Normal Normal trichromatic colour vision is based on three different kinds of cone cells in the retina, each sensitive to only one of the three primary colours, red, green or blue. Opsins. Each type of cone cell has specific light absorbing proteins called opsins. The genes for red and green opsins are on X chromosome, while the gene for blue opsin is present on autosome 7.

TYPES.

Mutations in opsin genes cause three types of colour-blindness.

Dichromatic.

A dichromatic can perceive two primary colours but is unable to perceive the one whose opsins are missing due to mutation.

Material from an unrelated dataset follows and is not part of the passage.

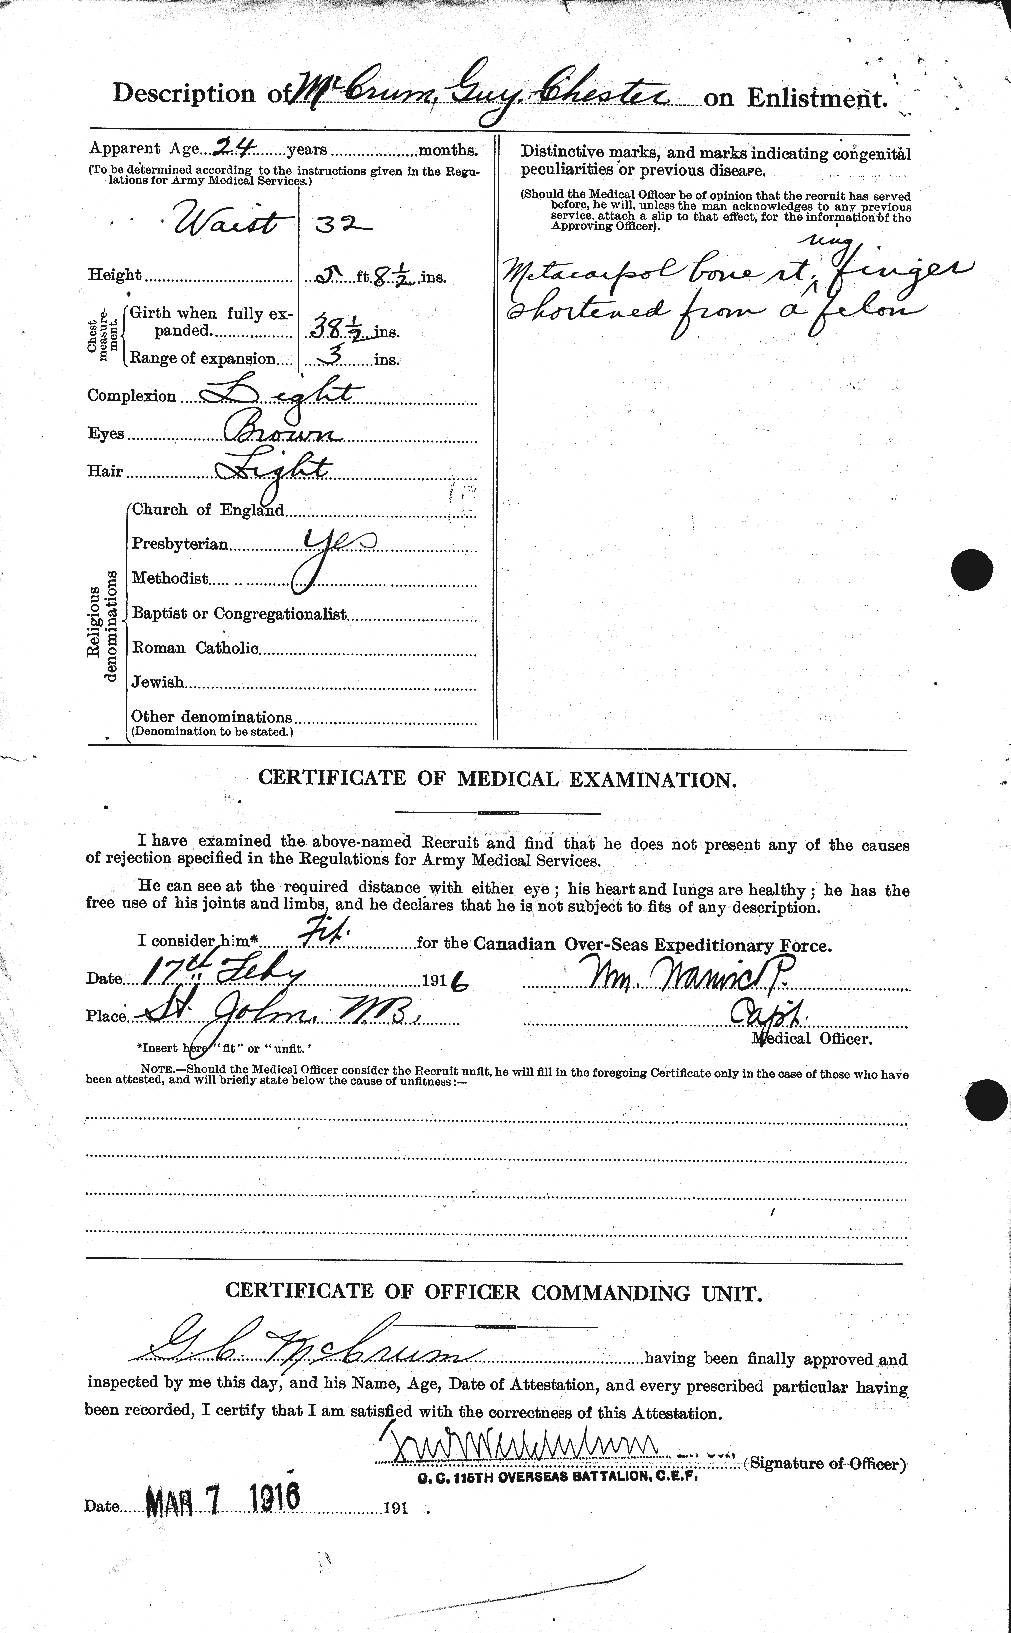 Dossiers du Personnel de la Première Guerre mondiale - CEC 135742b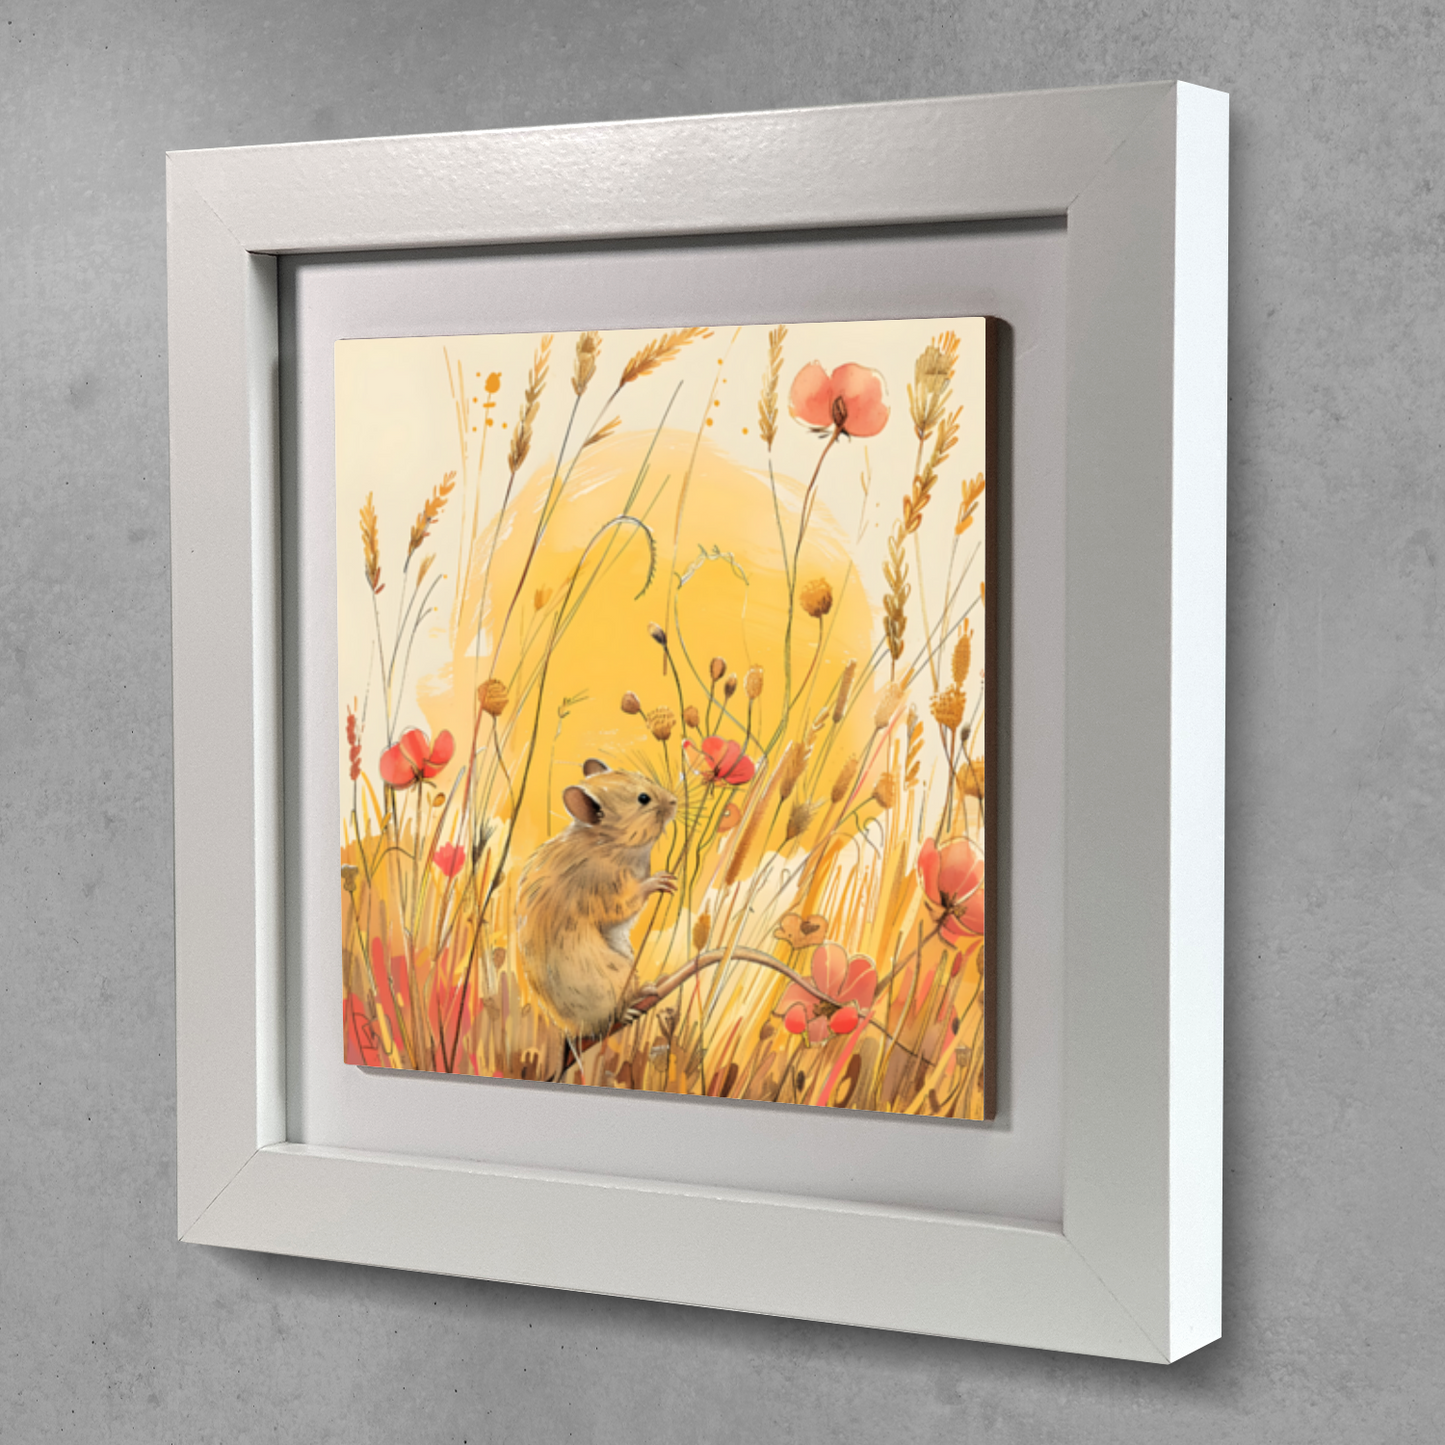 Meadow Mouse Framed Ceramic Art Tile

 Protanopia is red blindness,

 Deuteranopia is green blindness, while

 Tritanopia is blue blindness.

 Protanomalous and Deuteranomalous.

Some people can detect red and green but with altered perception of the relative shades of these colours. They have abnormal but still partially functional opsins. They are protanomalous and deuteranomalous for red and green weakness respectively.

Monochromatic.

A monochromat can perceive one colour. Monochromacy is true colour-blindness. Blue cone monochromacy It is an X – linked recessive trait in which both red and green cone cells are absent. That is why it is also called red – green colour-blindness. It is a common hereditary disease.

Inheritance.

Like any sex – linked recessive trait, it also zigzags from maternal grandfather through a carrier daughter to a grandson. It never passes direct from father to son. Chances. This type of colour blindness is more common in men than women, because chances for a male to be affected by it are much more than a female.